1. ## Sets: Direct Proof

Show that $(A \cap B) \cup C = A \cap (B \cup C)$ is false for all sets A, B and C using direct proof.

If we were to prove that the statement is true then we would need to show that if $x \in (A \cap B) \cup C$ then $x \in A \cap (B \cup C)$ and if $x \in A \cap (B \cup C)$ then $x \in (A \cap B) \cup C$

To formalise this we denote the following:

Let P(x) denote the proposition function "$x \in (A \cap B) \cup C$" and Q(x) denote the proposition function "$x \in A \cap (B \cup C)$"

Thus we need to show that $\forall x \left(P(x) \to Q(x)\right)$ and $\forall x \left(Q(x) \to P(x)\right)$

Let us first focus on $\forall x \left(P(x) \to Q(x)\right)$

Because we are using a direct proof let us assume the hypothesis P(x) is true. If we can show that Q(x) is false then the universally quantified statement is false and we have complete our proof.

Since P(x) is assumed to be true then $x \in (A \cap B) \cup C$ can be interpreted as $x \in (A \cap B)$ or $x \in C$.

$x \in (A \cap B) \cup C$ is only true if:

1. $x \in (A \cap B)$ is true and $x \in C$ is true

2. $x \in (A \cap B)$ is true and $x \in C$ is false

3. $x \in (A \cap B)$ is false and $x \in C$ is true

Now Q(x) is interpreted as $x \in A$ and $x \in B \cup C$

Now what...?

2. $\displaystyle (A\cap B)\cup C=A\cap(B\cup C)=A=B=C$ if $\displaystyle A=B=C.$ You're going to need conditions on the three sets in order to make it false. It's certainly not going to hold for all sets!

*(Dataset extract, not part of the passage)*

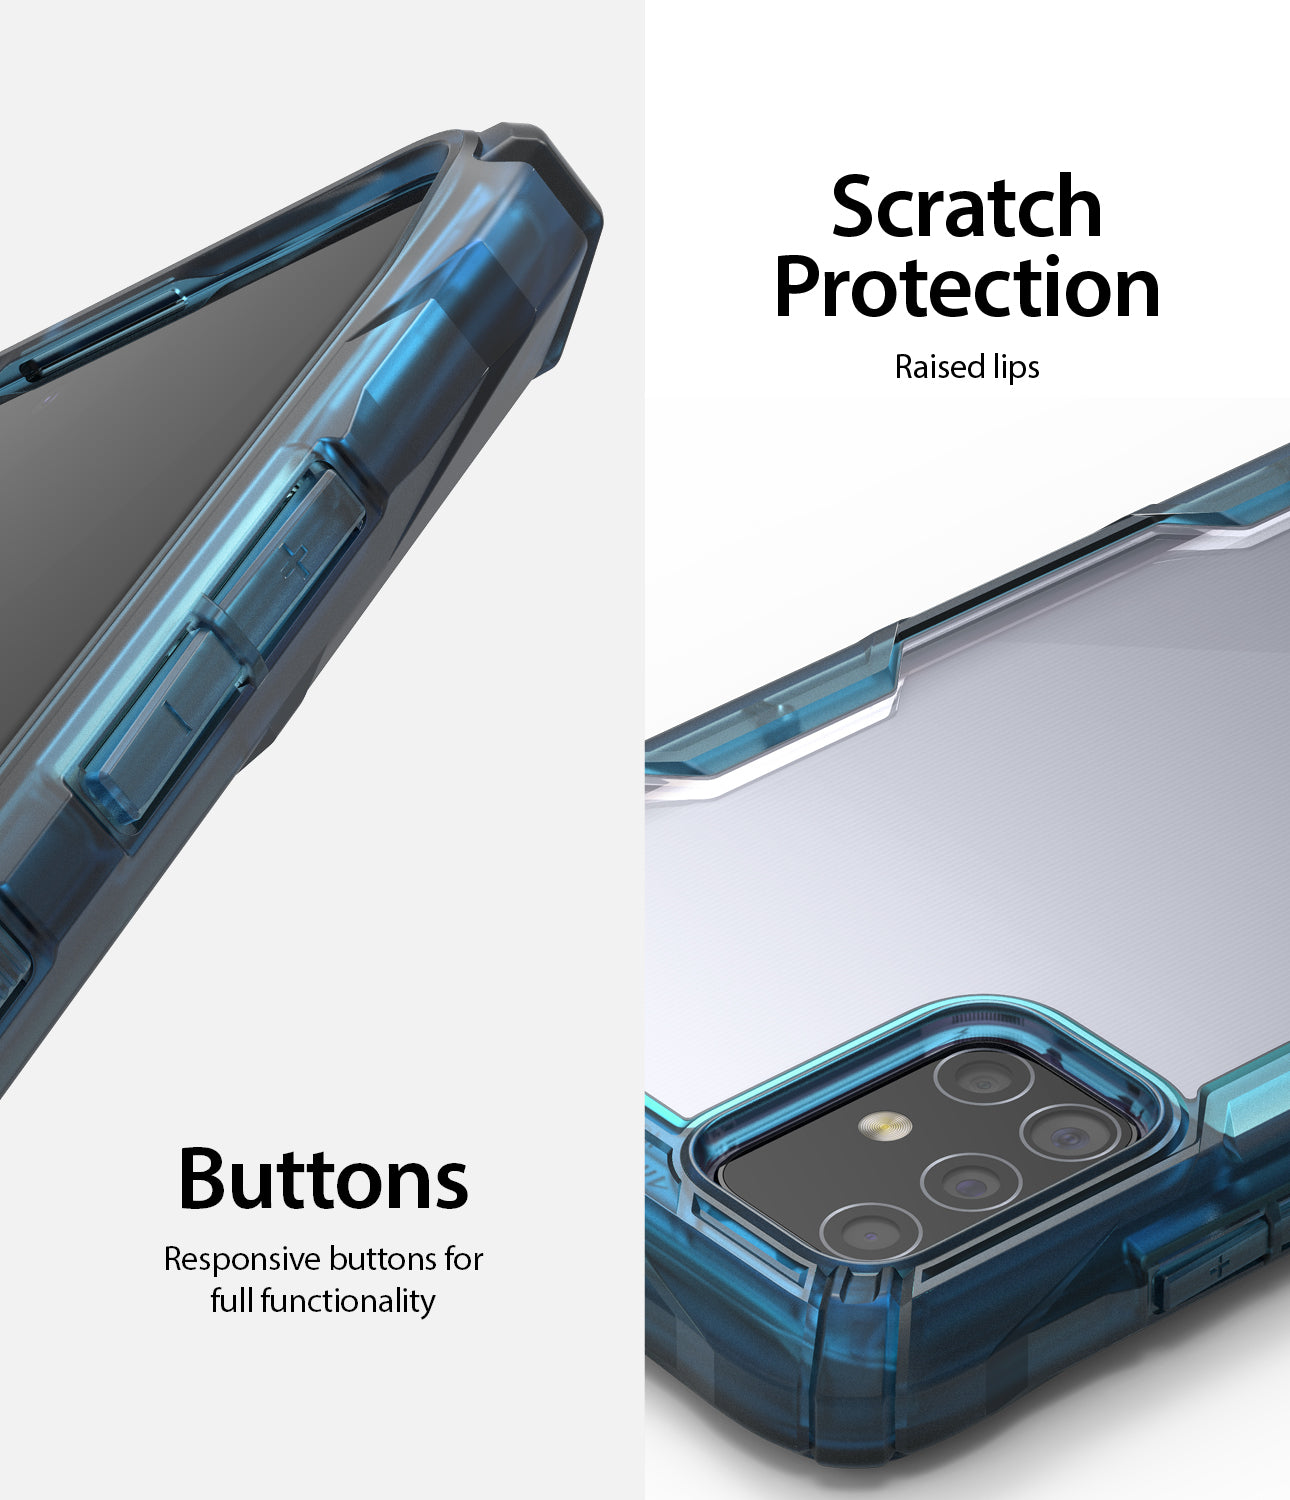 scratch resistant protection with button cutouts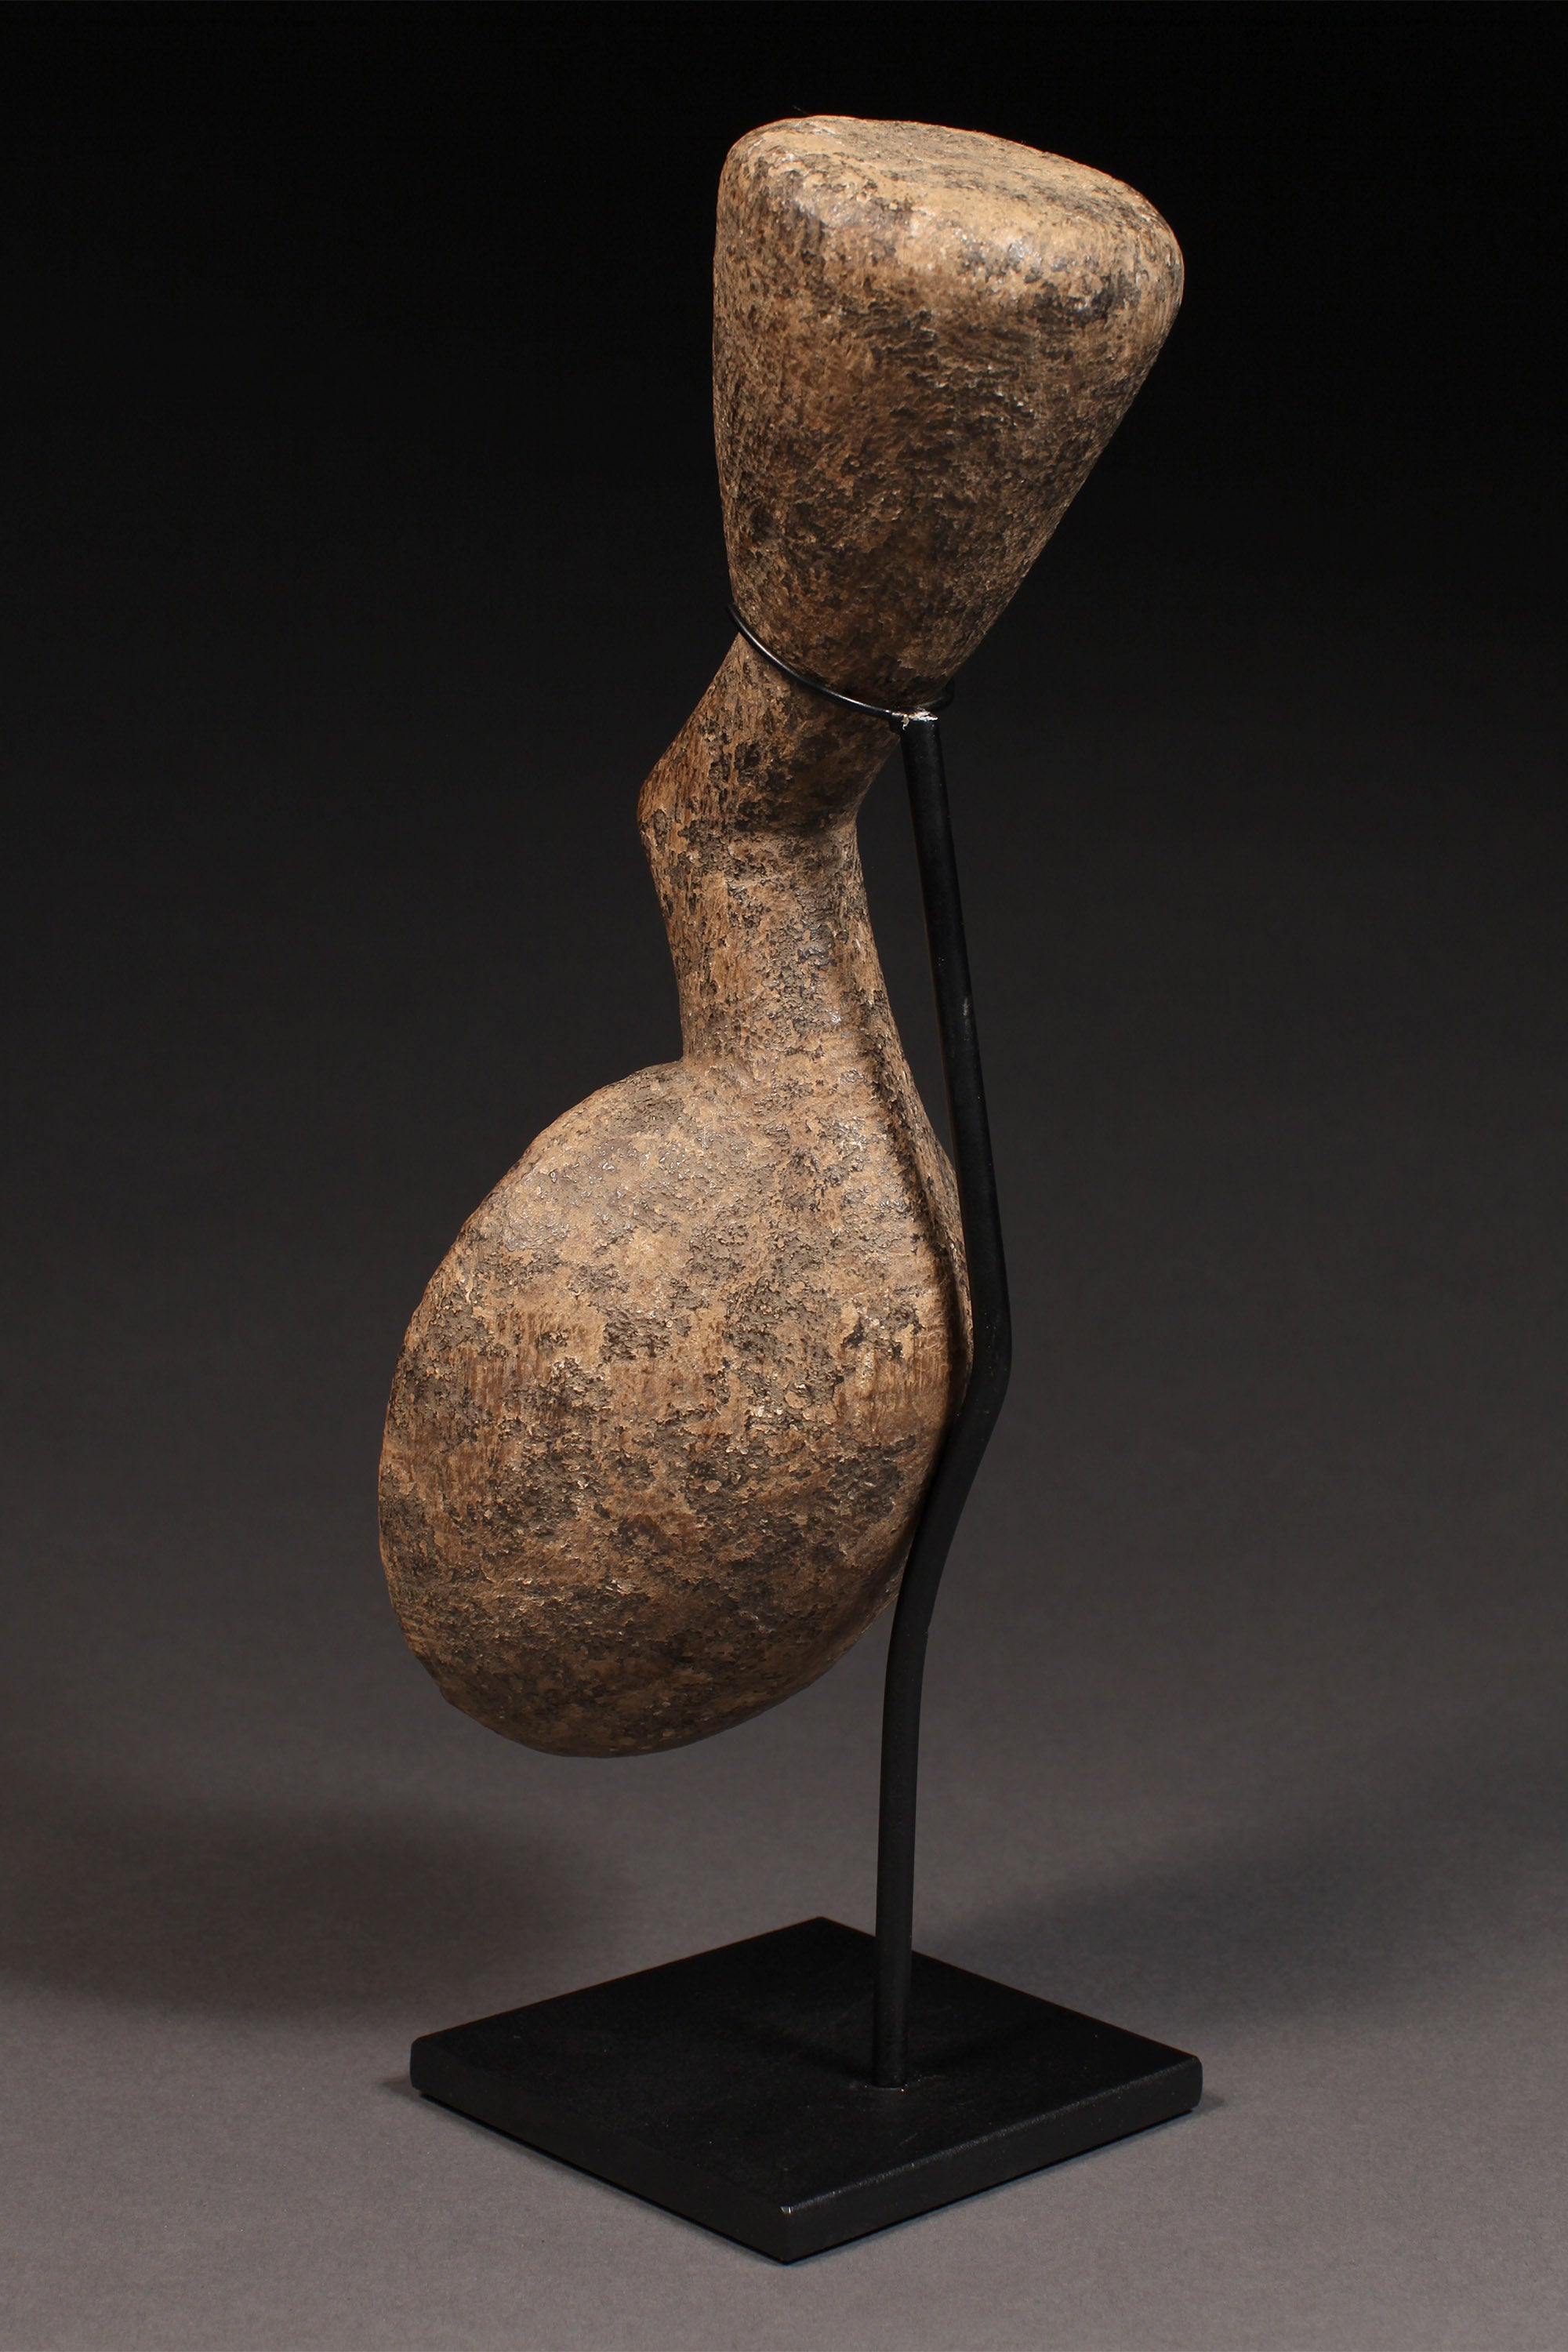 Tribal Objects - This one-of-a-kind Geometric Ceremonial Ladle Spoon is caved from wood by the Kulango Tribe of the Ivory Coast. This unique piece is perfect for bringing an authentic, traditional touch to any home. It can be used as a collectible, decorative object, or even a sculpture. H: 11.5” (13.5

3. Oh yes, I see, thanks very much Ackbeet!!

4. You're very welcome. Have a good one!

5. Do you mean "false for all sets" or "not true for all sets"?

The first is, as Akbeet said, not a true statement so you cannot prove it.

But the second, that there exist some sets for which $\displaystyle (A\cap B)\cup C\ne A\cap(B\ cup C)$, is true. A counter example is the simplest way to show that- exhibit one of those sets.